## PROVIDED MATERIAL
▶
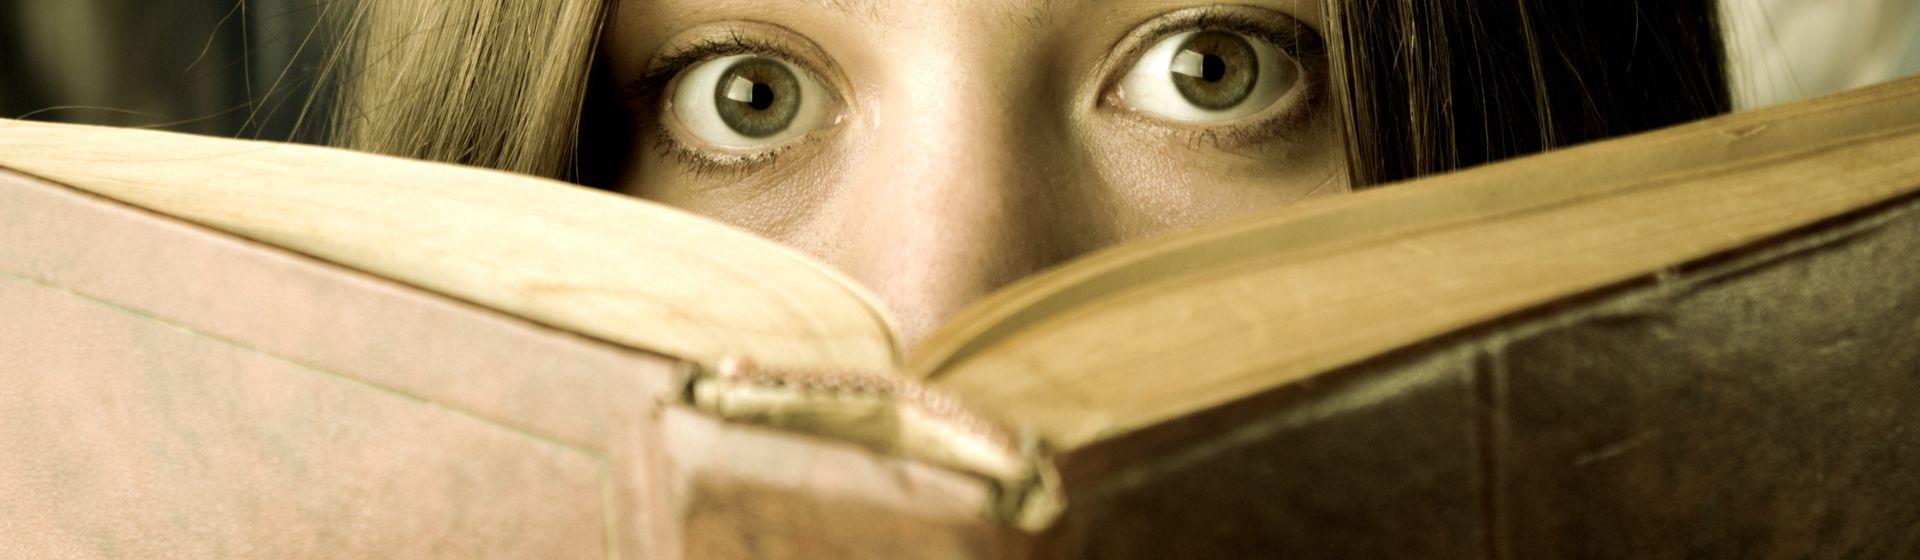 Melhores Livros de Suspense: conheça 12 títulos em 2020
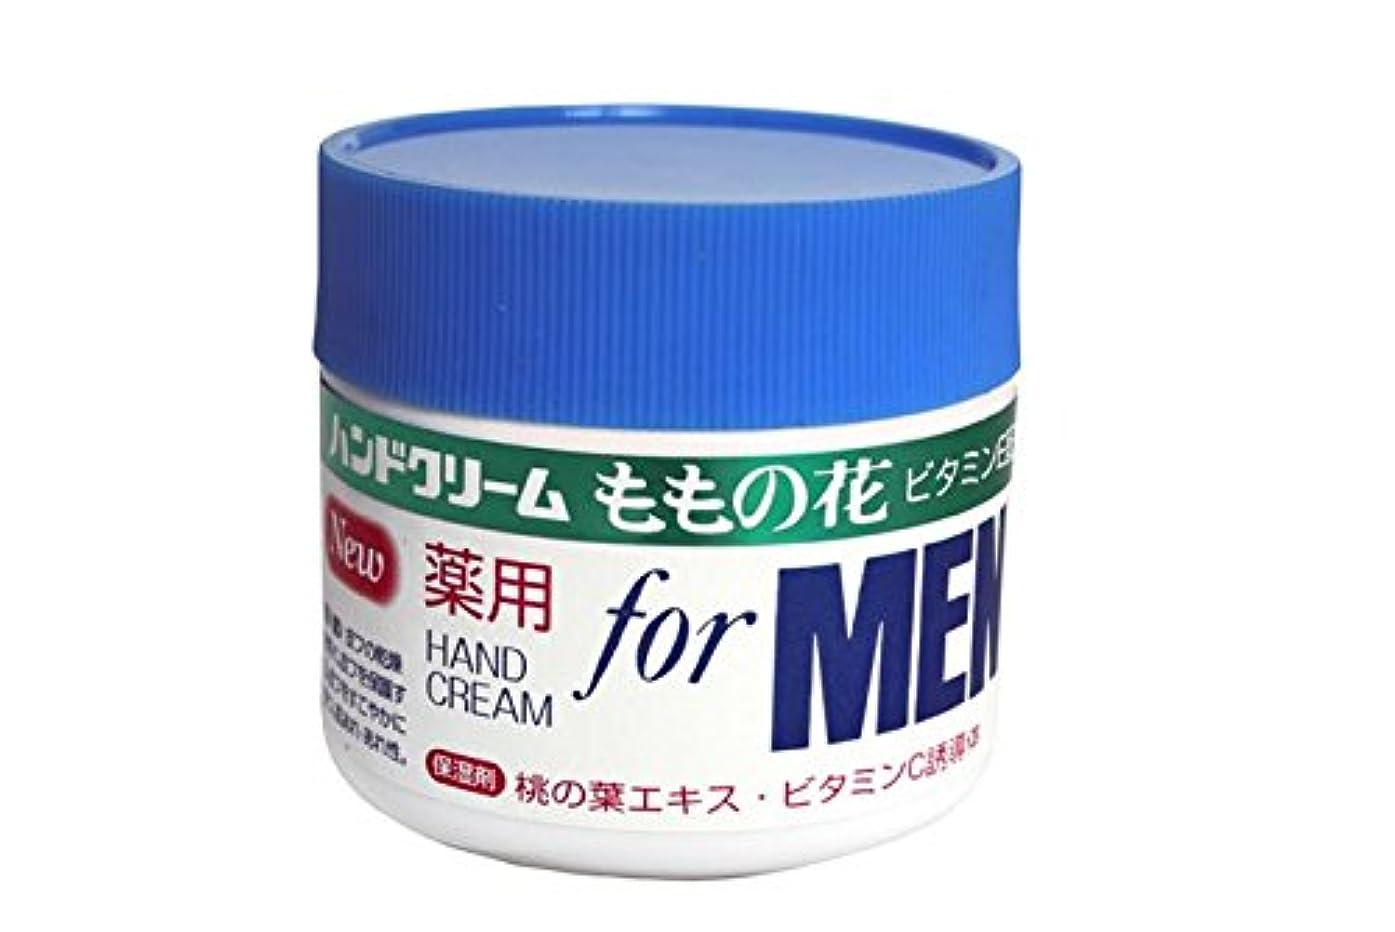 チャット細胞配管工ももの花 薬用 ハンドクリーム for MEN 70g
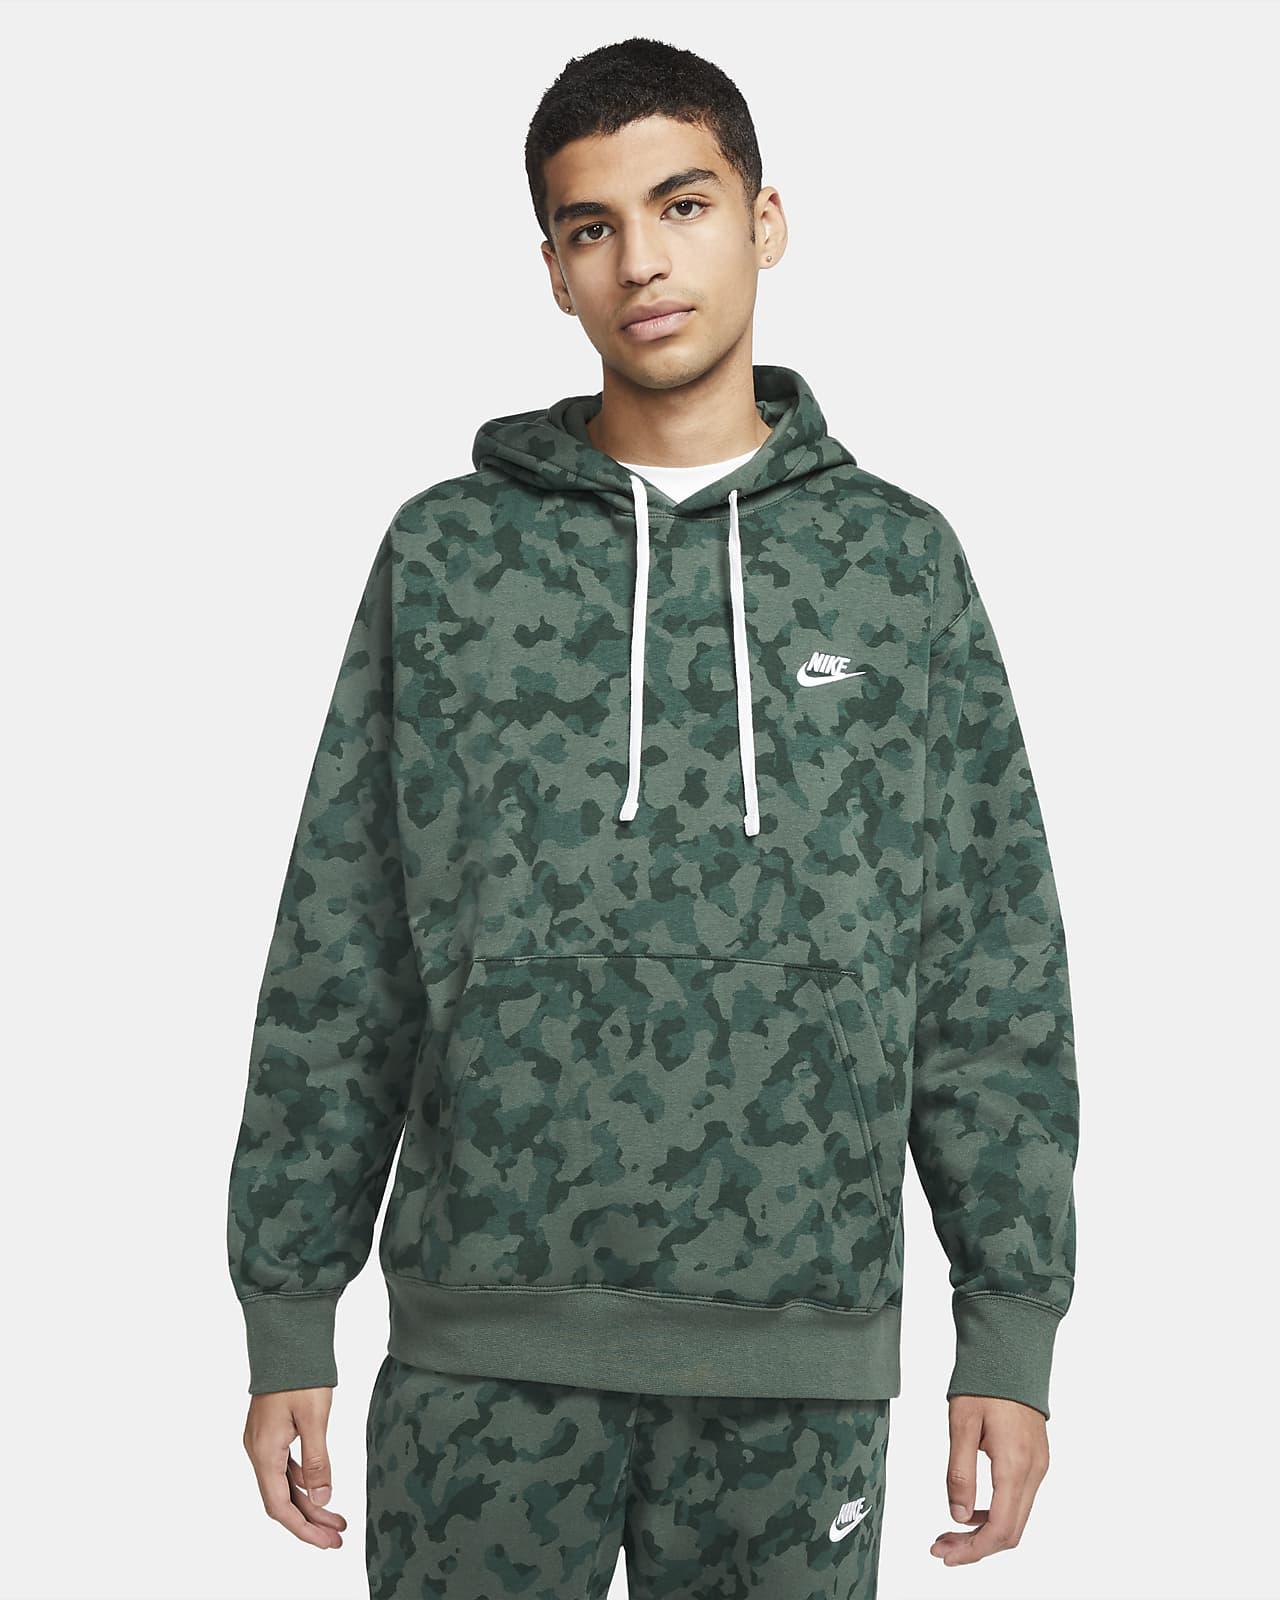 Felpa con cappuccio Nike Sportswear Club - Uomo
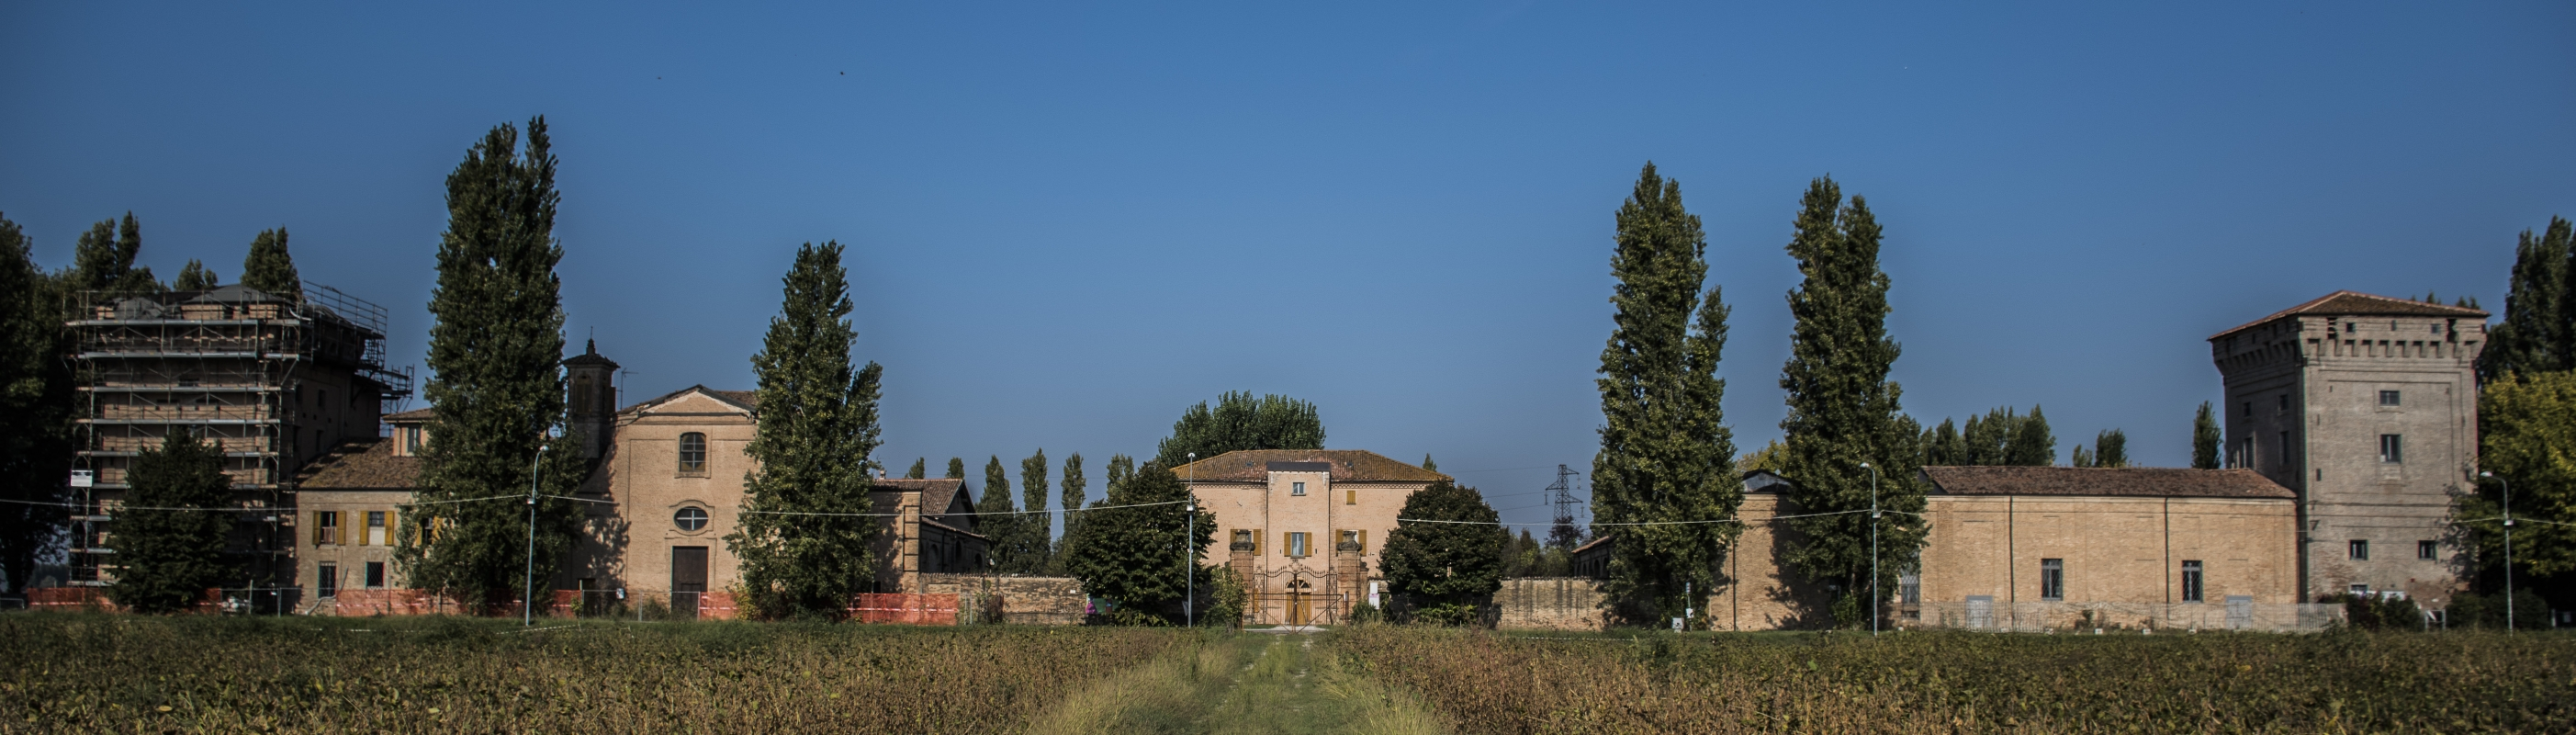 000 0239-ph - Stefano.conventi - Crevalcore (BO)
◀
## PROBLEM TO WORK ON
Write out the whole listing exactly, with no pictures.

## WRITTEN SOLUTION
 Melhores Livros de Suspense: conheça 12 títulos em 2020
 チャット細胞配管工ももの花 薬用 ハンドクリーム for MEN 70g
 Felpa con cappuccio Nike Sportswear Club - Uomo
 000 0239-ph - Stefano.conventi - Crevalcore (BO)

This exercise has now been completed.